Prognosis of chronic low back pain: design of an inception cohort study

Luciola da Cunha Menezes Costa 1, Nicholas Henschke 1, Christopher G Maher 1, Kathryn M Refshauge 1, Robert D Herbert 2, James H McAuley 1, Anurina Das 1, Leonardo OP Costa 1,
PMCID: PMC1800846  PMID: 17288586

Abstract

Background

Although clinical guidelines generally portray chronic low back pain as a condition with a poor prognosis this portrayal is based on studies of potentially unrepresentative survival cohorts. The aim of this study is to describe the prognosis of an inception cohort of people with chronic low back pain presenting for primary care.

Methods/Design

The study will be an inception cohort study with one year follow-up. Participants are drawn from a cohort of consecutive patients presenting with acute low back pain (less than 2 weeks duration) to primary care clinics in Sydney, Australia. Those patients who continue to experience pain at three months, and are therefore classified as having chronic back pain, are invited to participate in the current study. The cohort will be followed up by telephone at baseline, 9 months and 12 months after being diagnosed with chronic low back pain. Recovery from low back pain will be measured by sampling three different outcomes: pain intensity, interference with function due to pain, and work status. Life tables will be generated to determine the one year prognosis of chronic low back pain. Prognostic factors will be assessed using Cox regression.

Discussion

This study will determine the prognosis of chronic non-specific low back pain in a representative cohort of patients sourced from primary care.

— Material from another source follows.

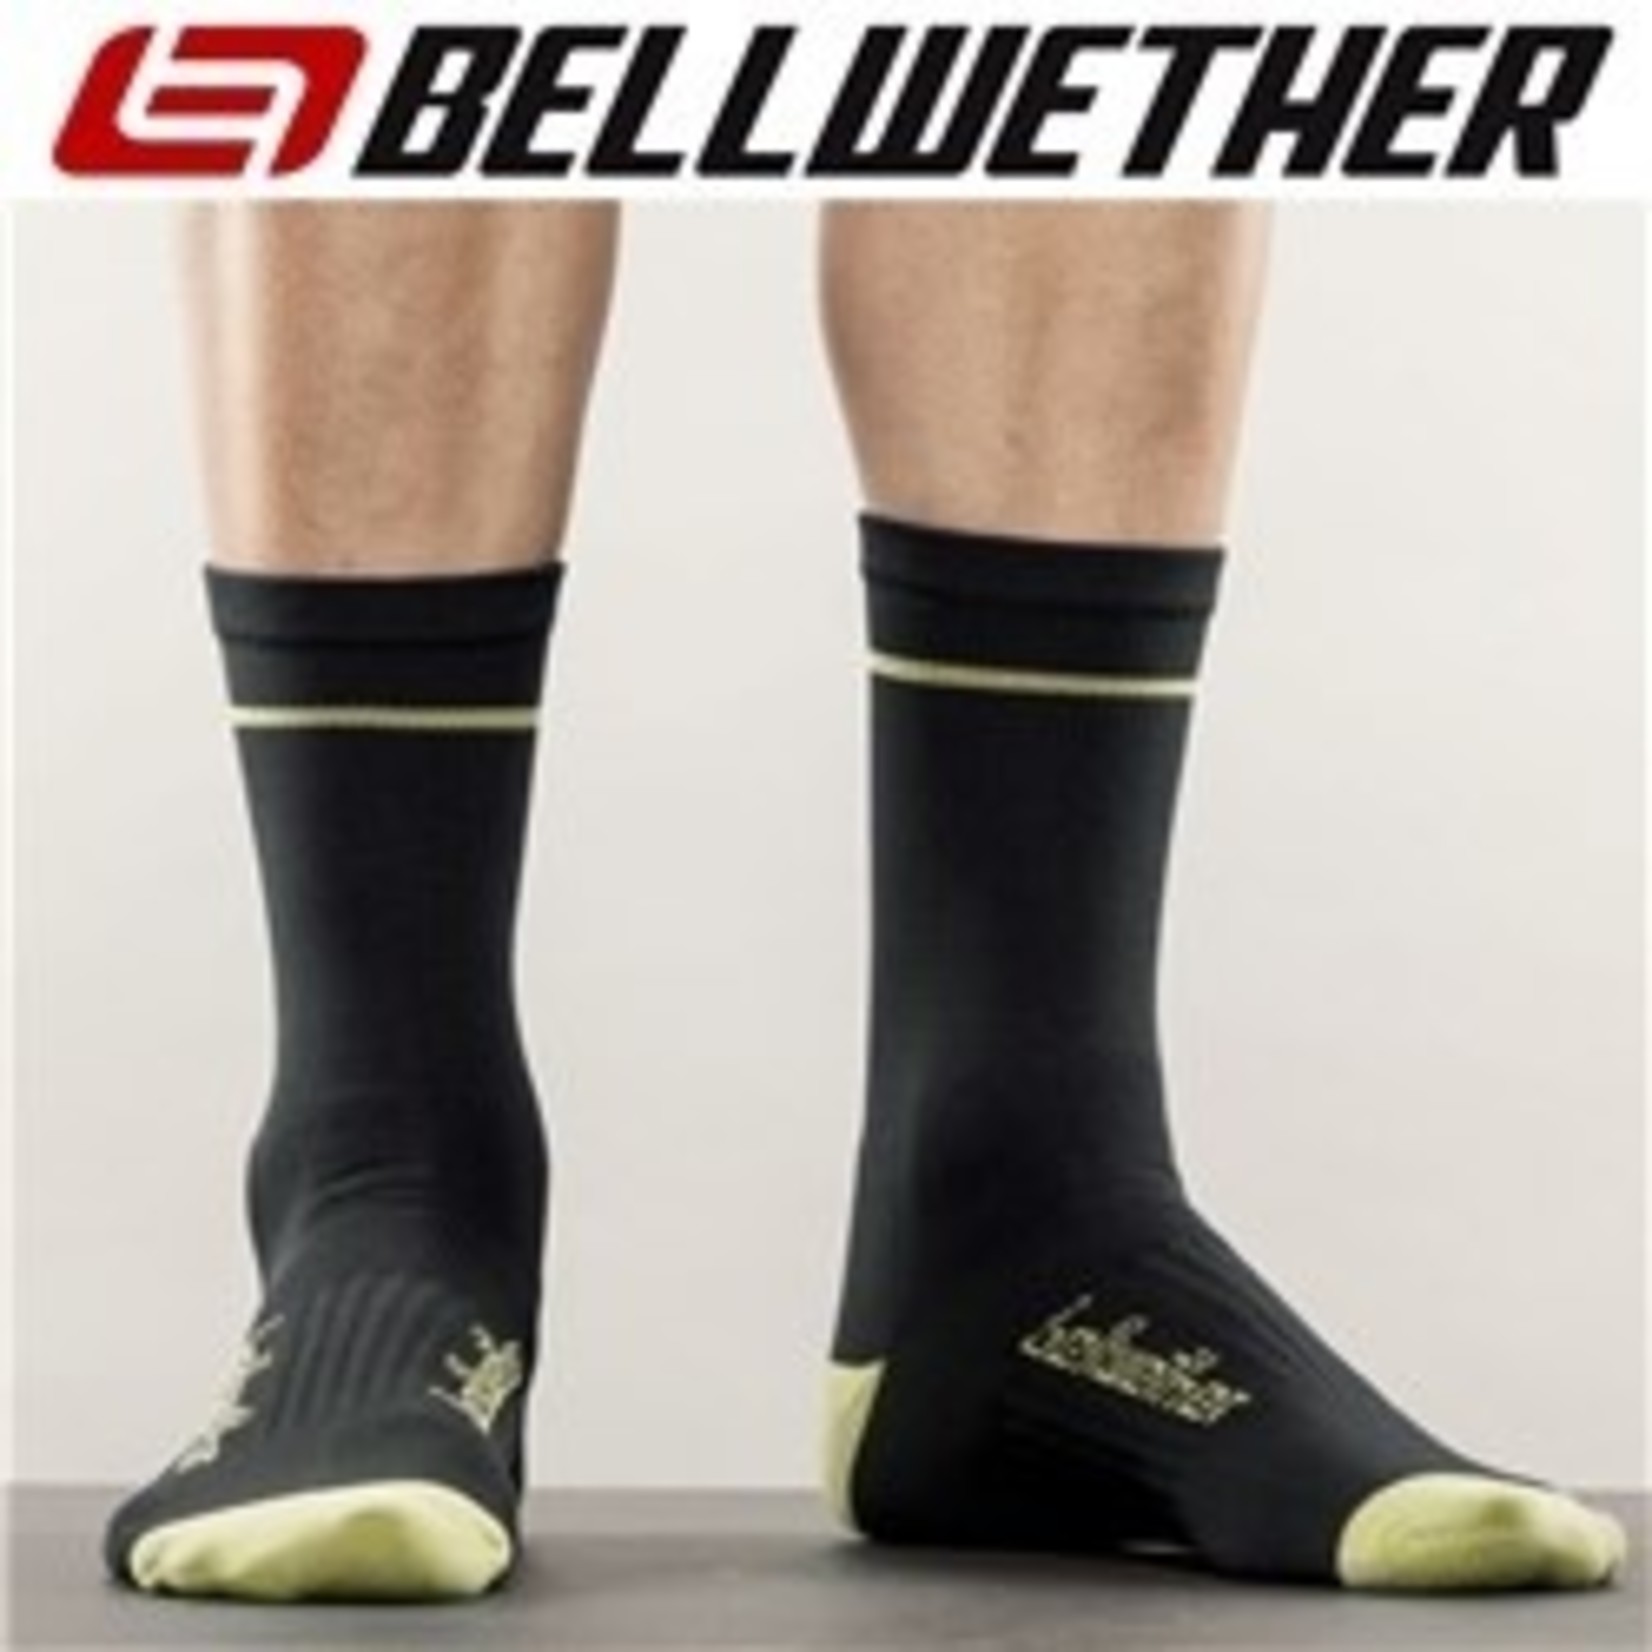 Bellwether Bellwether Cycling Sock - Optime Sock - Black/Hi-Vis

The results of this study will improve understanding of chronic low back pain, allowing clinicians to provide more accurate prognostic information to their patients.

Background

Chronic low back pain (pain of at least three months duration [1] [references]) is a significant health problem and a major cause of work absence and disability in industrialised countries. In Australia about 1 in 10 people have chronic low back pain at any one time[2].

Clinical guidelines and textbooks typically portray chronic low back pain as a condition with a poor prognosis: they indicate that recovery is unlikely and that most people are troubled by frequent recurrences or exacerbations over time [1]. However this conclusion is based on studies with suboptimal designs[3,4].

The major difficulty in designing valid studies of prognosis of chronic low back pain is in assembling a representative cohort[5]. Most studies of chronic low back pain follow survival cohorts which sample prevalent cases. Such cohorts are likely to contain an over-representation of people with longstanding disease, and may therefore provide unduly pessimistic estimates of prognosis. A stronger design involves sampling in a representative way from a population that is at risk of developing chronic low back pain and then identifying an inception cohort from incident cases.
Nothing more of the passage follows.